Кучер указал мне на огромную груду осыпающихся камней на близлежащем холме: под ней-де покоились кости отважного графа. Мне тут же вспомнился отрывок из «Турецких войн» Ларсона: «После стычки, — (в ходе которой граф со своей маленькой армией отбросил назад турецкий авангард), — Борис Владинов стоял под сенью полуразрушенных стен старого замка на холме и отдавал приказы касательно расстановки сил, когда адъютант принес ему лакированный ларчик, обнаруженный на теле знаменитого турецкого летописца и историка Селима Бахадура, погибшего в битве. Граф извлек из ларца пергаментный свиток и начал читать, но, еще не дойдя до конца, побелел как полотно и, не говоря ни слова, убрал рукопись обратно в ларец и спрятал его под плащ. В это самое мгновение турецкая батарея внезапно открыла из засады огонь, в древний замок ударили ядра, и на глазах у потрясенных венгров стены обрушились и храбрый граф был погребен под руинами. Отважная маленькая армия, лишенная предводителя, была разбита наголову, и на протяжении последующих военных лет останки графа так и не были найдены. Сегодня местные жители указывают на внушительные развалины близ Шомваля, под которыми, как они уверяют, и по сей день покоится все, что осталось в веках от графа Бориса Владинова».



Штрегойкавар оказался сонной, немного не от мира сего деревушкой, что, по всей видимости, своего зловещего имени нимало не оправдывала: этот всеми позабытый реликт прогресс обошел стороной. Затейливые старинные домики и еще более старомодные платья и манеры жителей наводили на мысль о начале века. Люди здесь жили дружелюбные, умеренно любопытные без навязчивой дотошности — при том, что гости из внешнего мира забредали к ним нечасто.

— Десять лет назад тут уже побывал один американец: несколько дней в деревне прожил, — сообщил владелец таверны, в которой я поселился. — Такой весь из себя странный юноша — все бормотал что-то себе под нос, — может, поэт?

Я сразу понял, что речь идет о Джастине Джеффри.

— Да, он был поэтом, — подхватил я, — он даже стихотворение написал про один пейзаж неподалеку от вашей деревни.

— Неужто? — Трактирщик явно заинтересовался. — Тогда, поскольку все великие поэты и изъясняются, и ведут себя странно, он наверняка достиг великой славы, ибо таких странных речей и поступков я ни за кем не припомню.

— Как это обычно бывает с творческими личностями, признание пришло к нему главным образом после смерти, — отозвался я.

— Стало быть, он умер?

— Умер, исходя криком, в лечебнице для душевнобольных пять лет назад.

— Жаль, жаль, — сочувственно вздохнул трактирщик. — Бедный паренек, слишком долго смотрел он на Черный Камень…

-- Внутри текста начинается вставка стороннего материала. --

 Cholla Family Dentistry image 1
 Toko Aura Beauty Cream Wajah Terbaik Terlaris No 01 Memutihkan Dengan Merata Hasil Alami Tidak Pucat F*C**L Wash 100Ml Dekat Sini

Сердце у меня так и подпрыгнуло в груди, но я по возможности скрыл живой интерес и небрежно обронил:

— Слыхал я что-то такое про этот ваш Черный Камень; он ведь стоит где-то тут поблизости от деревни, верно?

— Куда ближе, чем хотелось бы добрым христианам, — ответствовал тот. — Вот, смотрите! — Хозяин подвел меня к решетчатому оконцу и указал на заросшие елями склоны нависающих синих гор. — Вон там, дальше, видите, голая скала торчит? За ней и прячется тот проклятый Камень. Хоть бы его истолочь в порошок, а пыль высыпать в Дунай — пусть несет ее в самые бездны океана! Прежде люди пытались уничтожить Камень, да только ежели кто ударял по нему молотком или кувалдой, все как один плохо кончили. Так что теперь его обходят стороной.

— А чего же в нем такого недоброго? — полюбопытствовал я.

— В него вселился демон, — неохотно сообщил хозяин, поежившись. — Ребенком знавал я одного парня, он из низин к нам поднялся, все, бывалоча, потешался над нашими преданиями. Так вот он в безрассудстве своем однажды в ночь летнего солнцестояния отправился к Камню, а на рассвете кое-как доковылял до деревни — и язык-то у него отнялся, и сам в уме повредился. Что-то помрачило его рассудок и запечатало его уста, ибо вплоть до смертного своего часа, что ждать себя не заставил, изрыгал он одни только чудовищные богохульства, а не то так, пуская слюни, нес всякую тарабарщину.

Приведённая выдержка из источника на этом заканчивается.